Roi coiffé du nemes

Tête provenant d’une statue

Égypte > provenance inconnue

Basse Époque, ou antérieur ? > indéterminé

[VOIR CHONOLOGIE]

Grès silicifié ?

H. 15, 7 cm ; Largeur : 14,4 cm ; P. 16,6 cm

Co. 5578

Comment

State of preservation

Assez mauvais. Cette tête de roi provient d’une statue brisée, dont il demeure difficile de restituer l’apparence originelle complète. Le nez a disparu et seul le négatif en est encore visible. Une partie de la coiffure est absente. La statue est également assez érodée, rendant les détails du visage et les différents modelés peu lisibles.

Description

La tête du souverain est drapée d’un nemes, au centre duquel se dresse un uraeus qui s’allonge le long de son crâne. Cette coiffe royale est omniprésente dans l’iconographie égyptienne, tout au long de l’époque pharaonique de l’Ancien Empire à l’époque romaine. Du fait du mauvais état de conservation, aucun détail de la coiffe ne peut être observé.

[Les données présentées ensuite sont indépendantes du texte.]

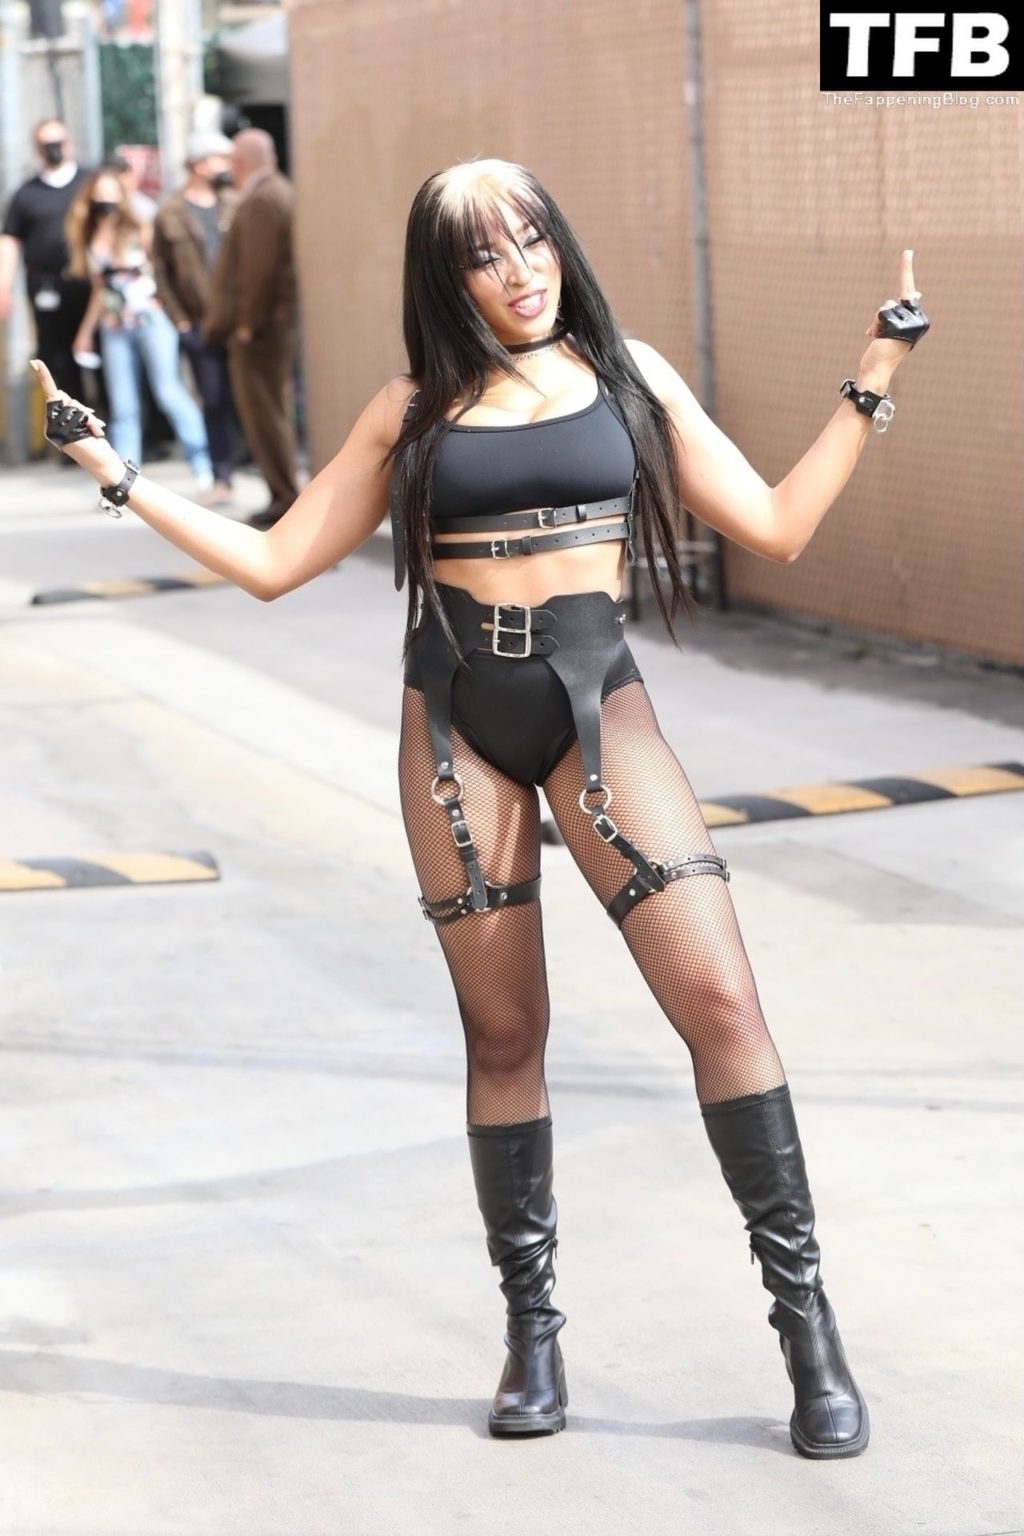 Tinashe Turns Heads at Her Guest Performance on Jimmy Kimmel (66 Photos)
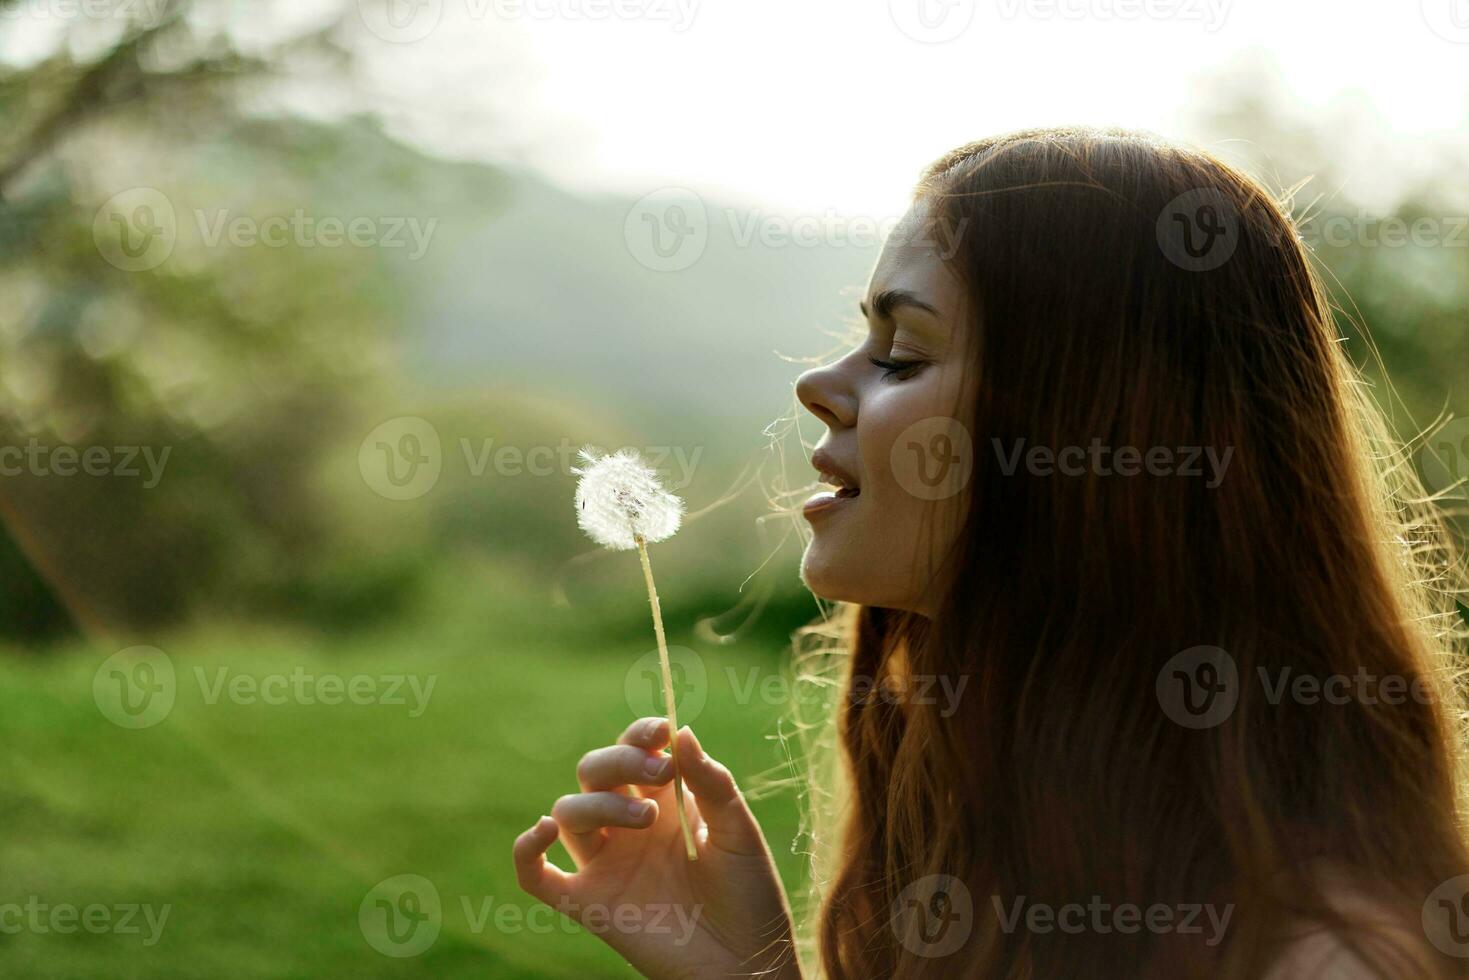 Portrait of a young woman with a dandelion flower in her hand blowing on it and smiling against the green summer grass in the rays of the setting sun in nature photo

De larges oreilles, imposantes et bien détaillées, se détachent du nemes et encadrent un visage massif, relativement carré. Malgré l’érosion du visage, il est possible de distinguer les sourcils légèrement arqués, qui se confondent avec l’arcade sourcilière jusqu’à la naissance du nez. Ce dernier, bien que très grandement détérioré, semble avoir été large et même épaté. Les yeux, en légère saillie, sont plutôt petits et enserrés par de lourdes paupières. La bouche est symétrique et très horizontale, mais aux lèvres larges, accentuées par de larges commissures.

 

En l’absence d’inscription, il demeure bien difficile de dater cette tête de roi. Elle a été attribuée à la Basse Époque par Jack A. Josephson (1997, p. 162), mais pourrait également être plus ancienne. Plusieurs parallèles sont à noter avec la statuaire de la Troisième Période intermédiaire, notamment celle d’Osorkon Ier (MYSLIWIEC 1988, pls. XVII et XVIII). Quelques remarques stylistiques peuvent être émises, malgré le mauvais état de conservation de l’objet. L’aspect massif du visage ou encore la représentation peu ondulée du corps de l’uraeus distinguent la tête Co. 5578 des représentations de rois de la XXVIe dynastie (PERDU 2012, p. 192-193, n°95). De même, l’absence du double uraeus semble exclure une datation à la XXVe dynastie.

Inscription

Anépigraphe

Historic

Acquis par Rodin entre 1893 et 1913.

Boreux 1913 : "Meudon, Objets non en vitrine, salle des antiques, 543 Tête royale coiffée du claft et de l'uraeus. La matière en est très usée, le nez manque complètement, ainsi qu'un morceau de la partie droite du crâne. Grès. Haut. 16 cent. environ. Estimée deux cent francs."

Donation Rodin à l'État français 1916.

Historic comment

La tête était exposée en 1913 dans la salle des antiques à Meudon et ne semblait pas faire partie des œuvres choisies pour le futur musée à l’hôtel Biron.

 

Elle fut déposée en 1933 au musée du Louvre où elle reçut le numéro E. 15549 et fut ainsi décrite par Charles Boreux dans l’Inventaire des monuments égyptiens transmis par le musée Rodin au département des antiquités égyptiennes (musée du Louvre) : « 5 – Tête en grès rouge cristallin, portant une coiffure ornée d’un ureus. Epoque de Nectabo ( ?). Haut. 0m26. ». L’œuvre revint au musée Rodin en 1967 pour l’exposition Rodin collectionneur.